#### [Exercise details]
Without the pictures, give the listing below again exactly.

#### [Data]
* * * * *
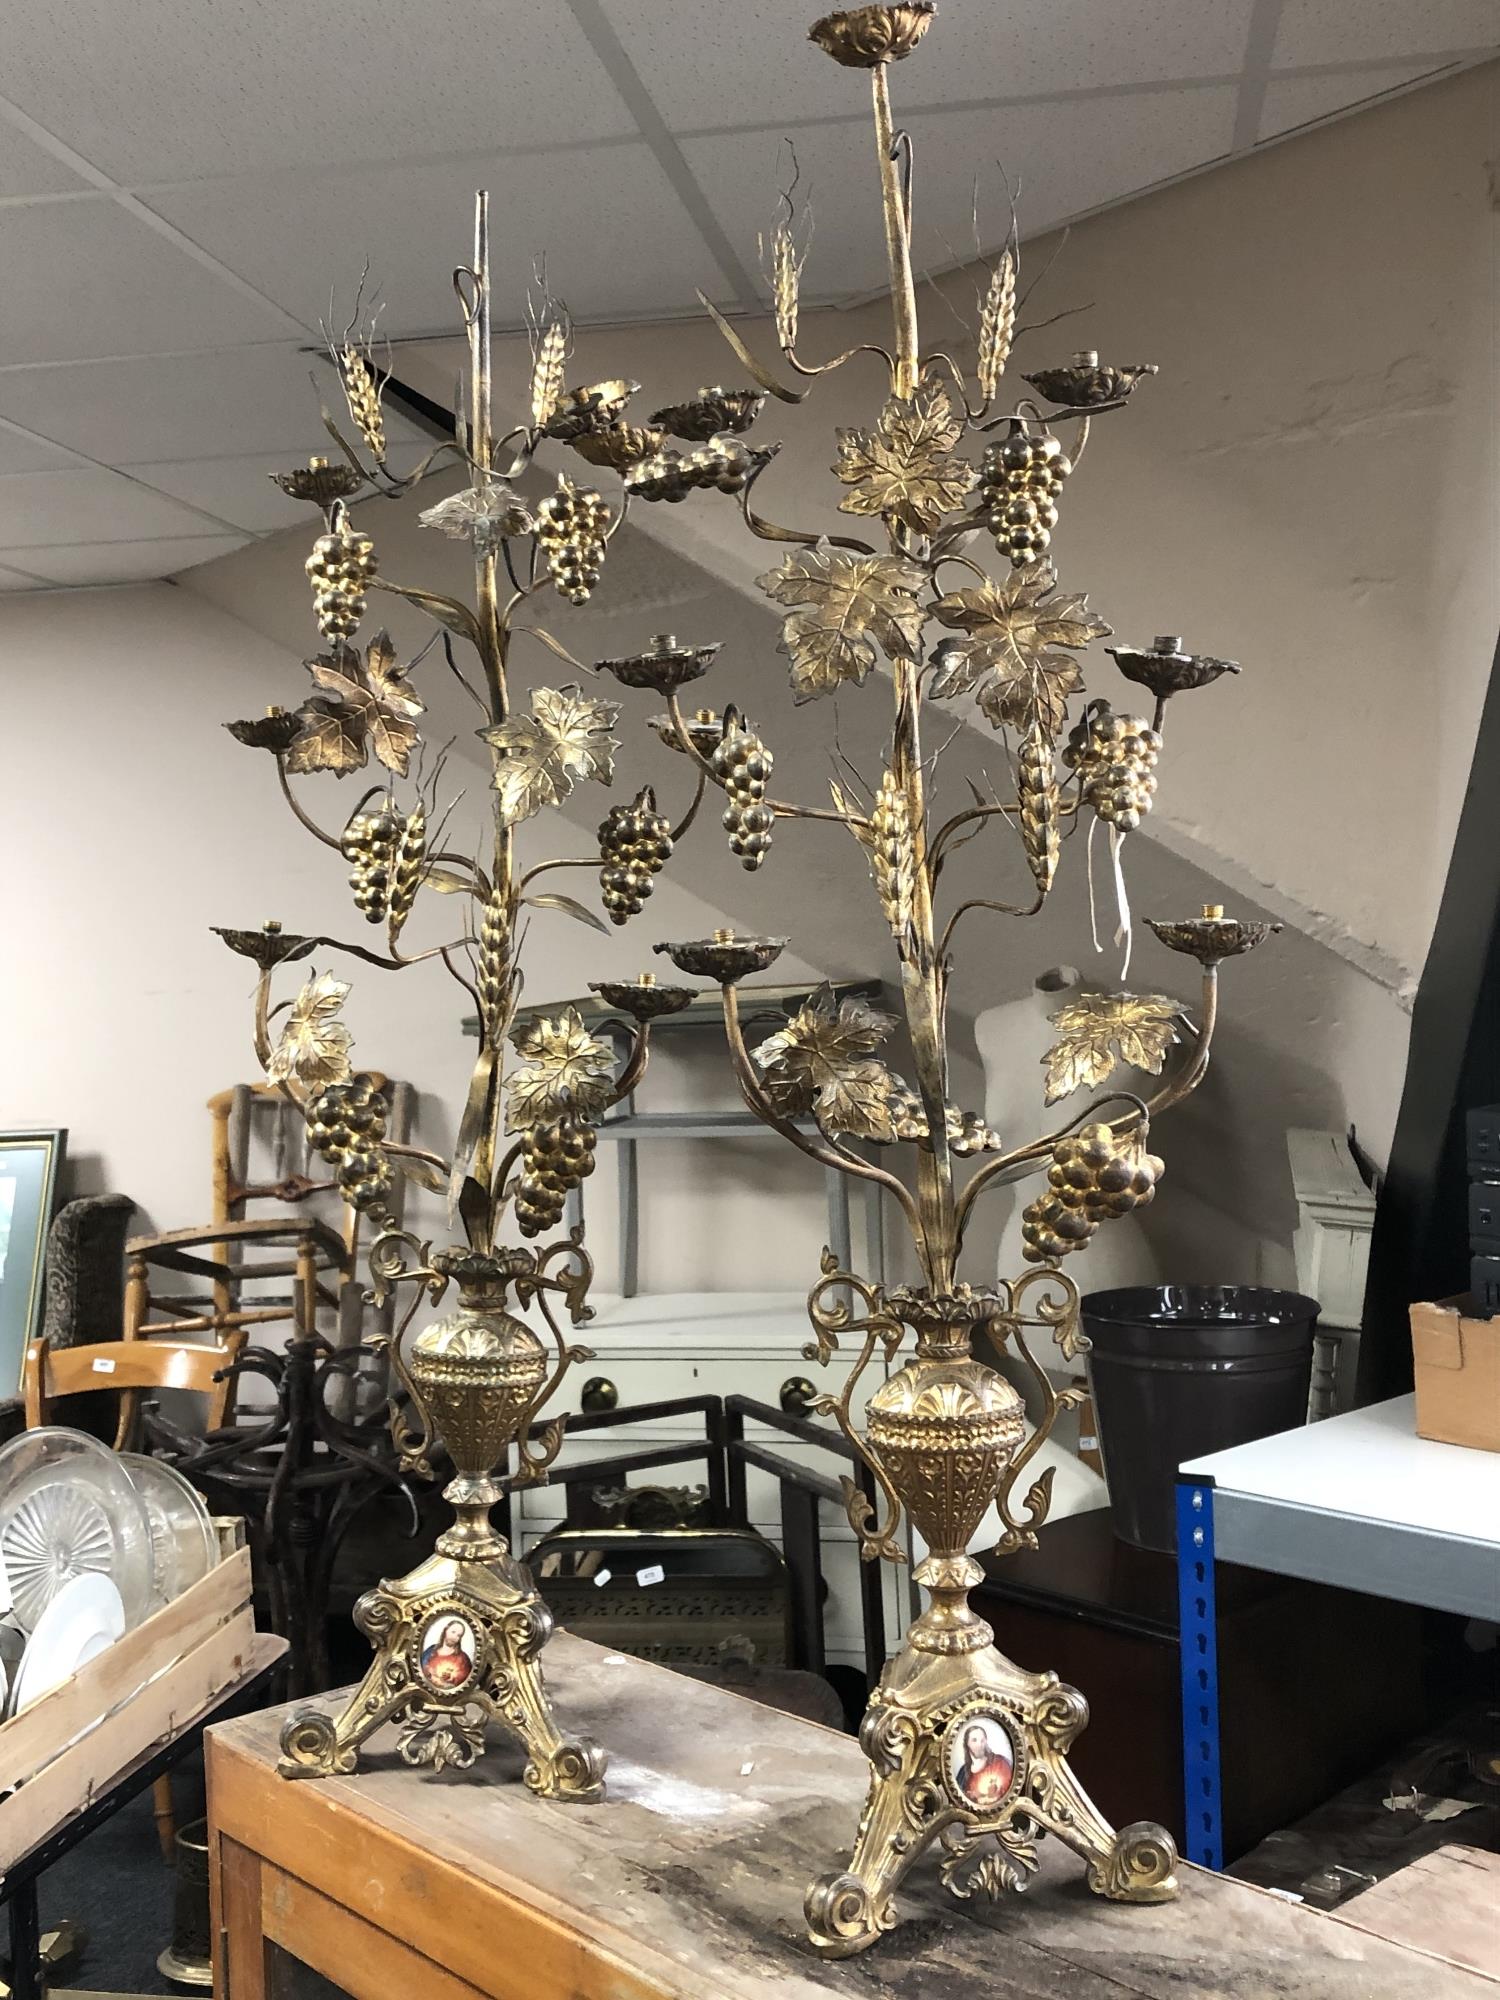 A pair of antique style metal table lights
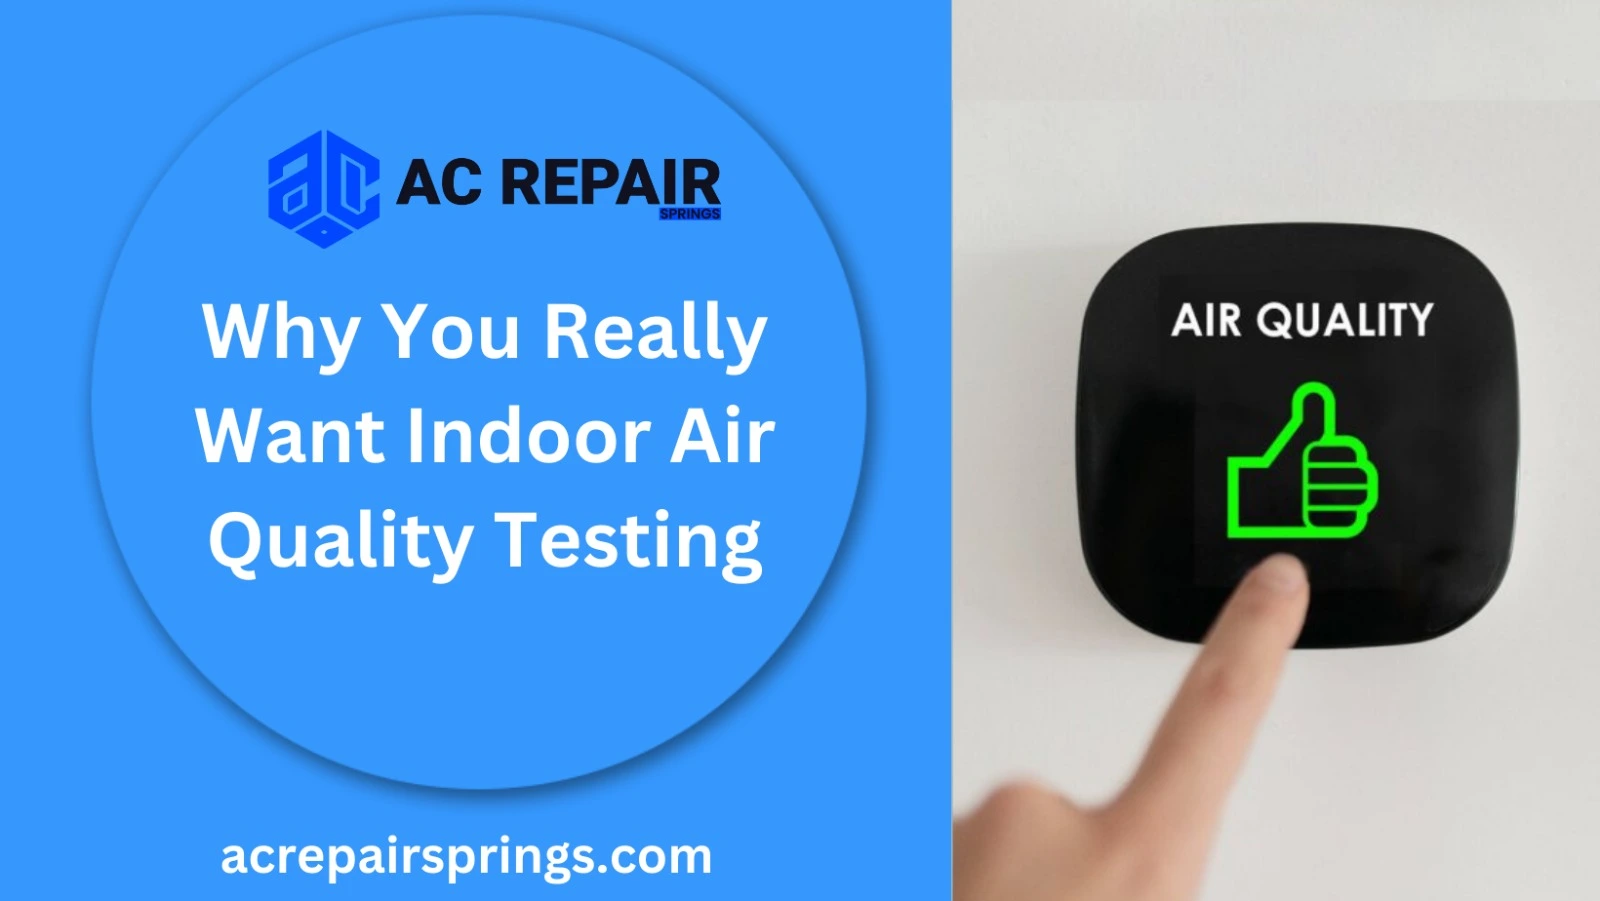 Why You Really Want Indoor Air Quality Testing
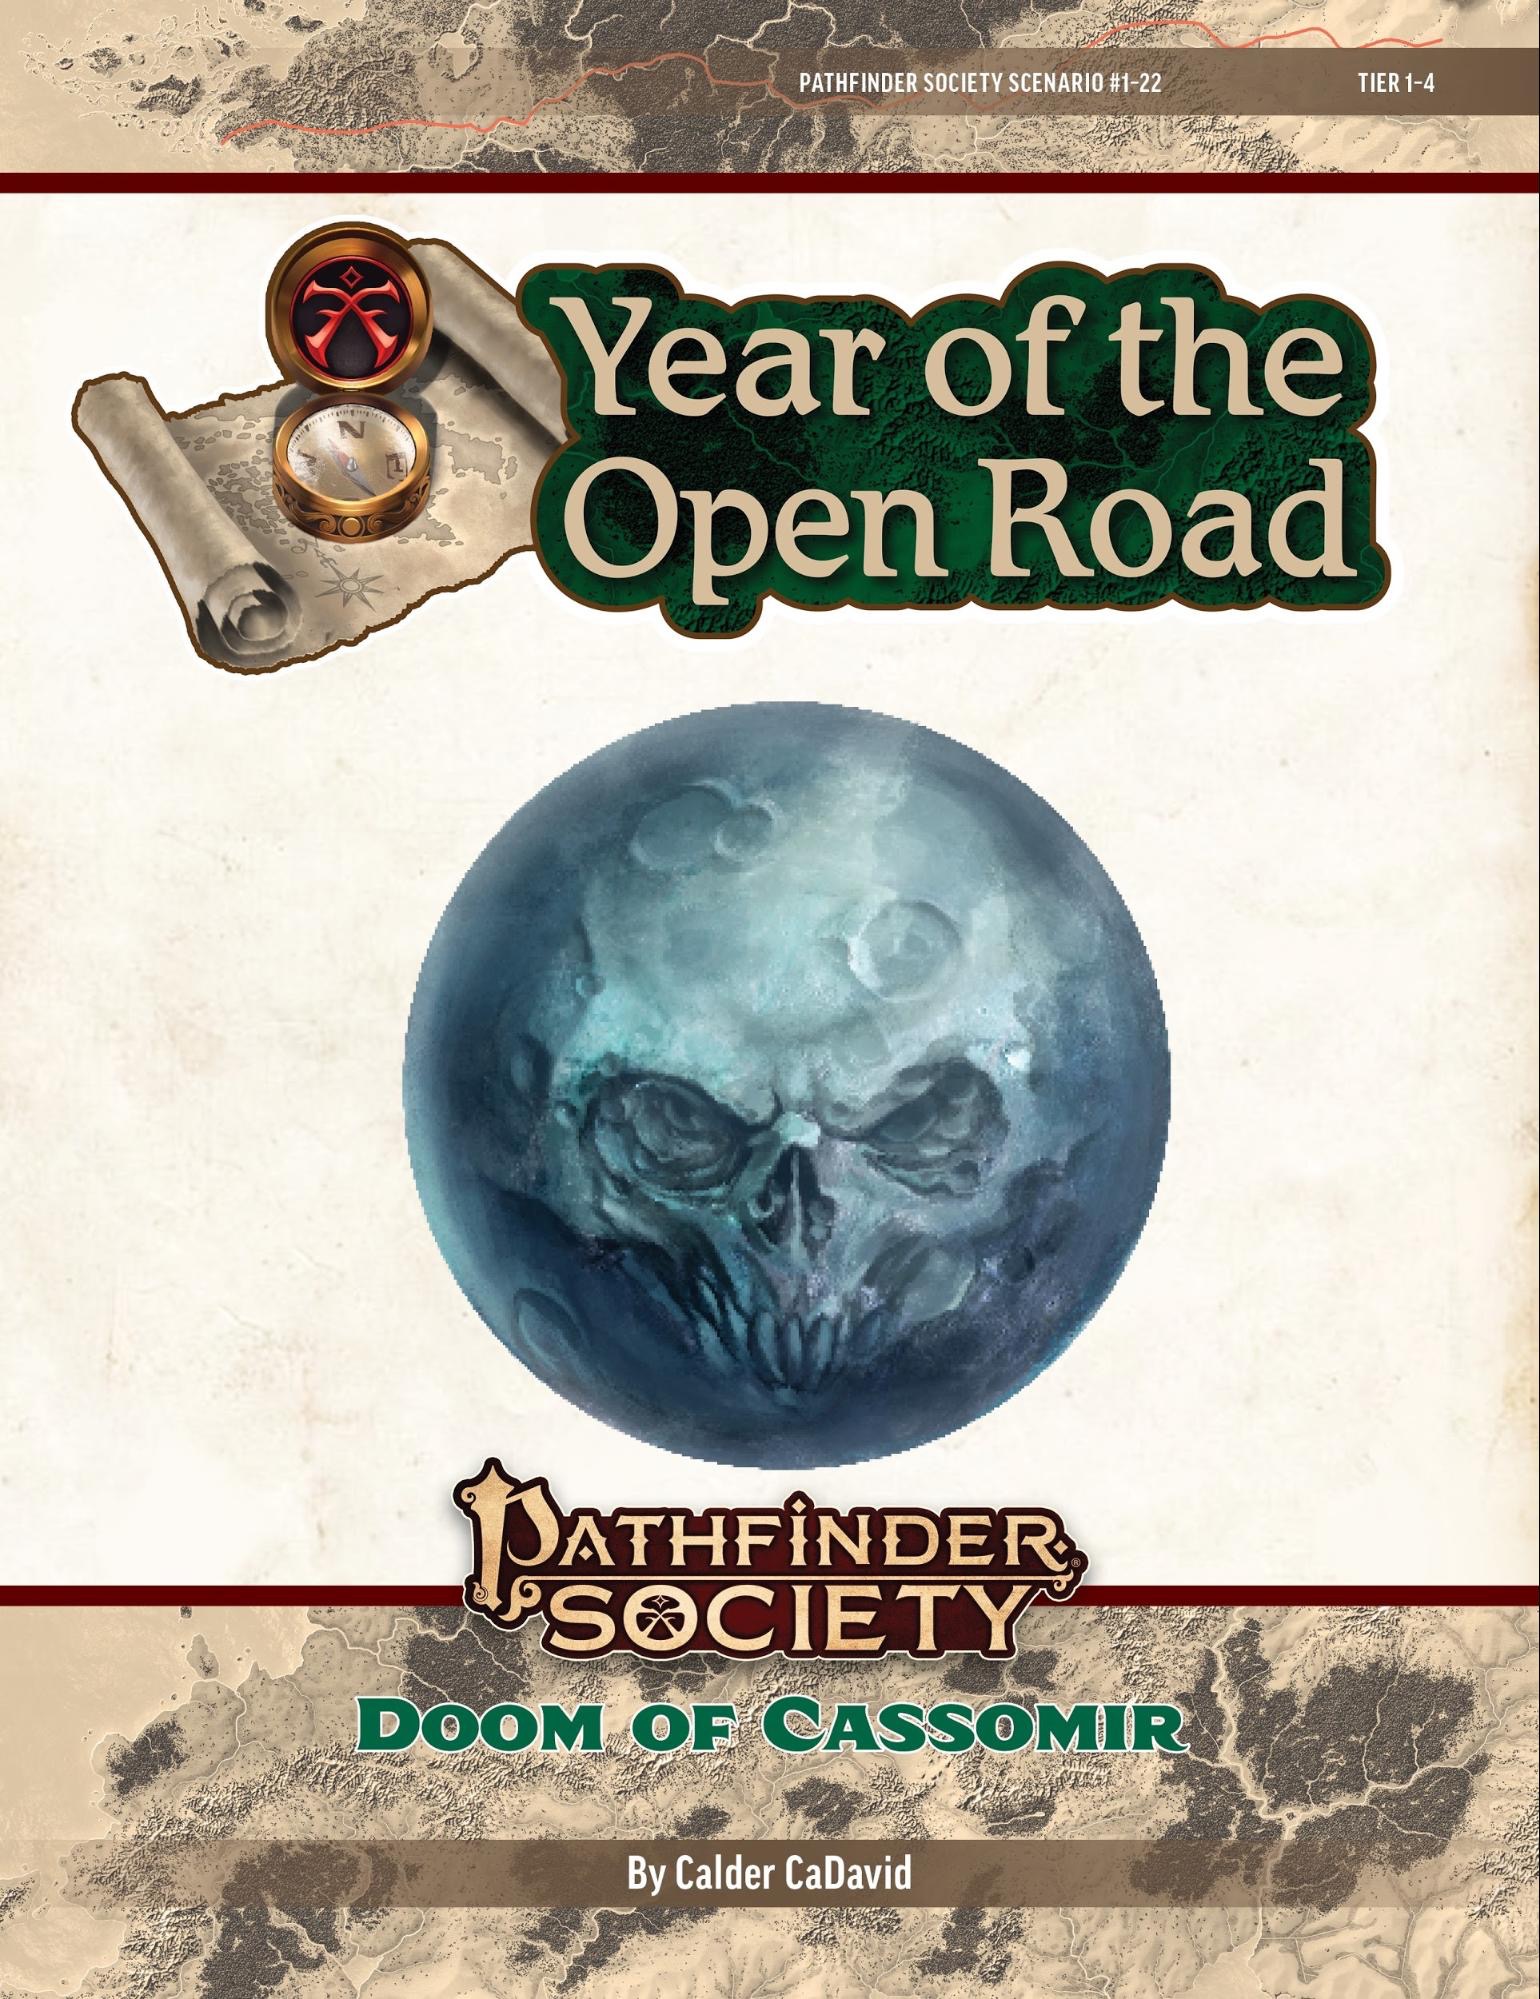 Pathfinder Society Year of the Open Road: Doom of Cassomir cover. Illustration of a moon on a tan background with a shadow of an ominous skull covering the moon
* * * * *
#### [Expected answer]
 A pair of antique style metal table lights
 Why You Really Want Indoor Air Quality Testing
 Pathfinder Society Year of the Open Road: Doom of Cassomir cover. Illustration of a moon on a tan background with a shadow of an ominous skull covering the moon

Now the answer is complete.